Sidenote: The definition of lab here was actually inspired from a USAMTS problem in 2016.

**Code**

The critical observation to make is that the optimal rectangle should always have a lower-left vertex at the origin. This is due to the fact that the line has positive y-intercept and negative slope: any rectangle which doesn't have a vertex at the origin could easily be extended to have a vertex at the origin and even more bananas.
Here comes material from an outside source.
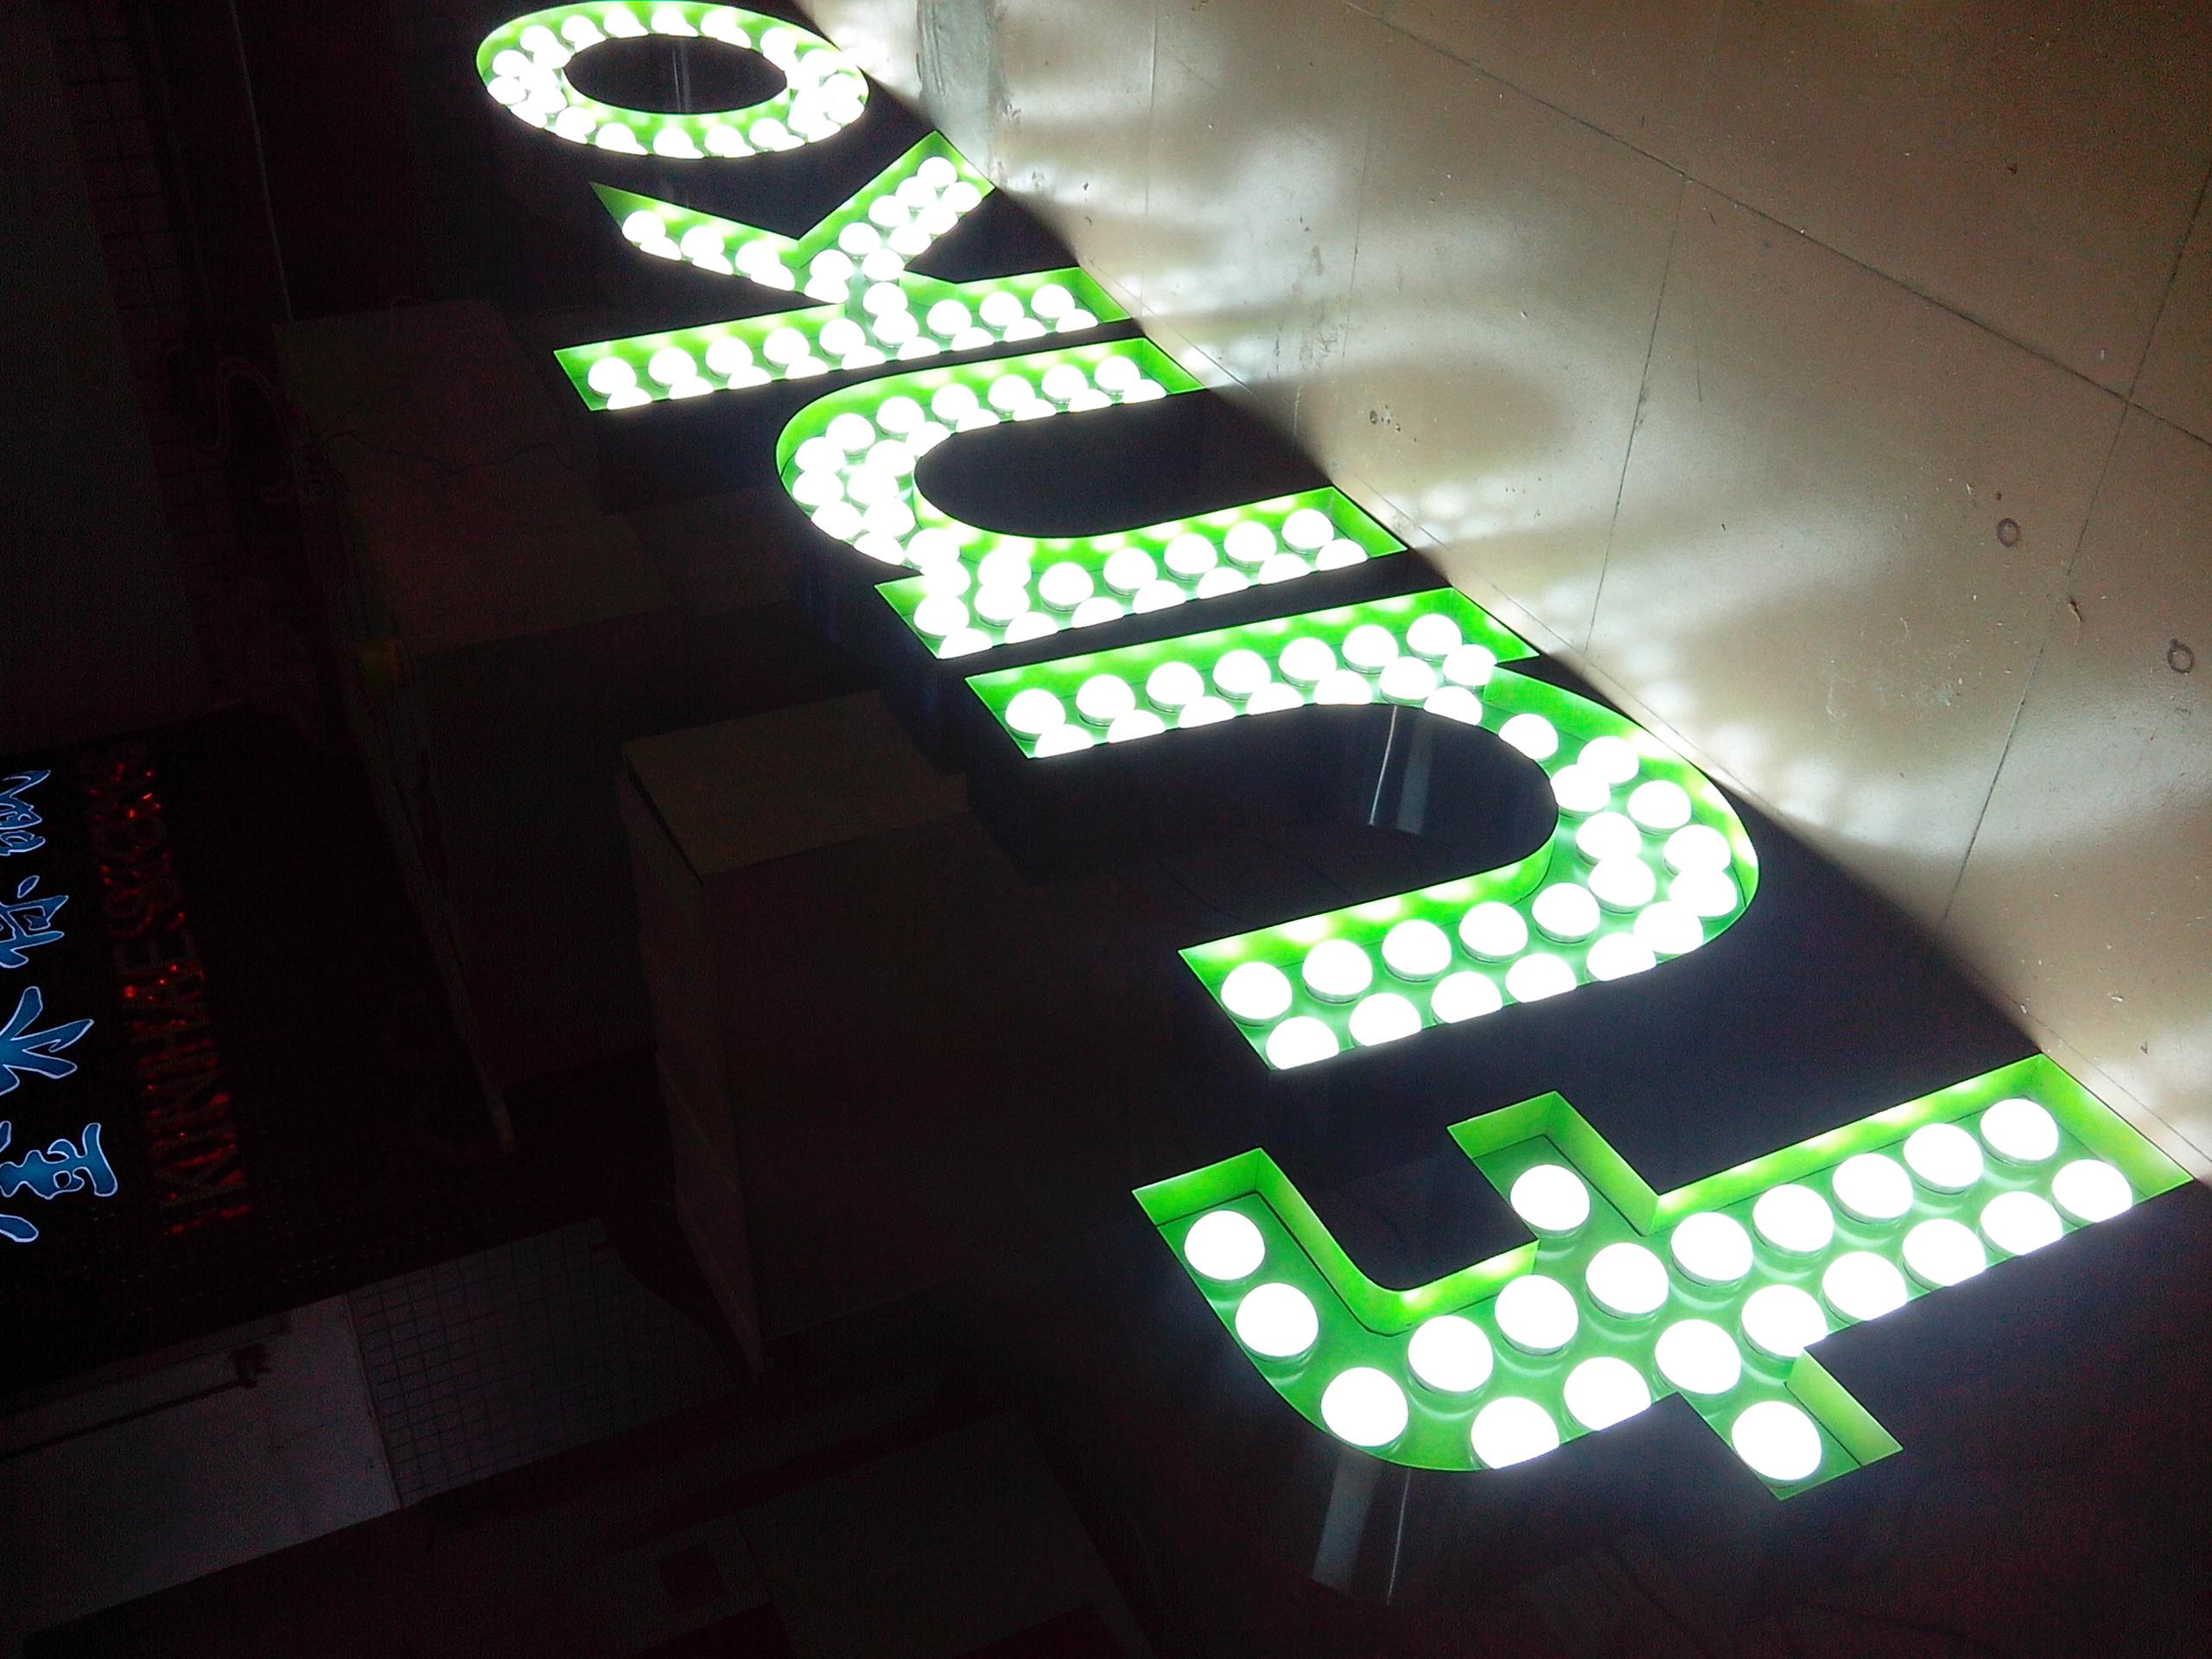 灯泡字灯泡字报价 灯泡字电话 灯泡字批发 灯泡字哪家好 灯泡字供应商

Then, we just need to try every x-coordinate for the upper-right corner of the box and pick the maximum y-coordinate without going over the line. We can compute the sum of any rectangle in *O*(1) using arithmetic series sums, so this becomes *O*(*bm*) because the x-intercept can be up to *bm*. You can make it faster by trying every y-coordinate; this makes the complexity *O*(*b*), but this was unnecessary to solve the problem.

Can you solve the problem with better complexity?

**O(b) Code**

It looks like Daru should only reorder the boxes when he has to (i.e. he gets a remove operation on a number which isn't at the top of the stack). The proof is simple: reordering when Daru has more boxes is always not worse than reordering when he has less boxes, because Daru can sort more boxes into the optimal arrangement. Therefore, our greedy algorithm is as follows: simulate all the steps until we need to reorder, and then we resort the stack in ascending order from top to bottom.

This has complexity *O*(*n*^{2} *log* *n*). However, we can speed this up if we note that whenever we reorder boxes, any box currently on the stack can be put in an optimal position and we can pretty much forget about it. So whenever we reorder, we can just clear the stack as well and continue. This gives us *O*(*n*) complexity because every element is added and removed exactly once.

**Code**

First, let's make this problem into one on a graph. The important piece of information is the row and column we're on, so we'll create a node like this for every lit cell in the grid. Edges in the graph are 0 between 2 nodes if we can reach the other immediately, or 1 if we can light a row/column to get to it. Now it's a shortest path problem: we need to start from a given node, and with minimum distance, reach another node.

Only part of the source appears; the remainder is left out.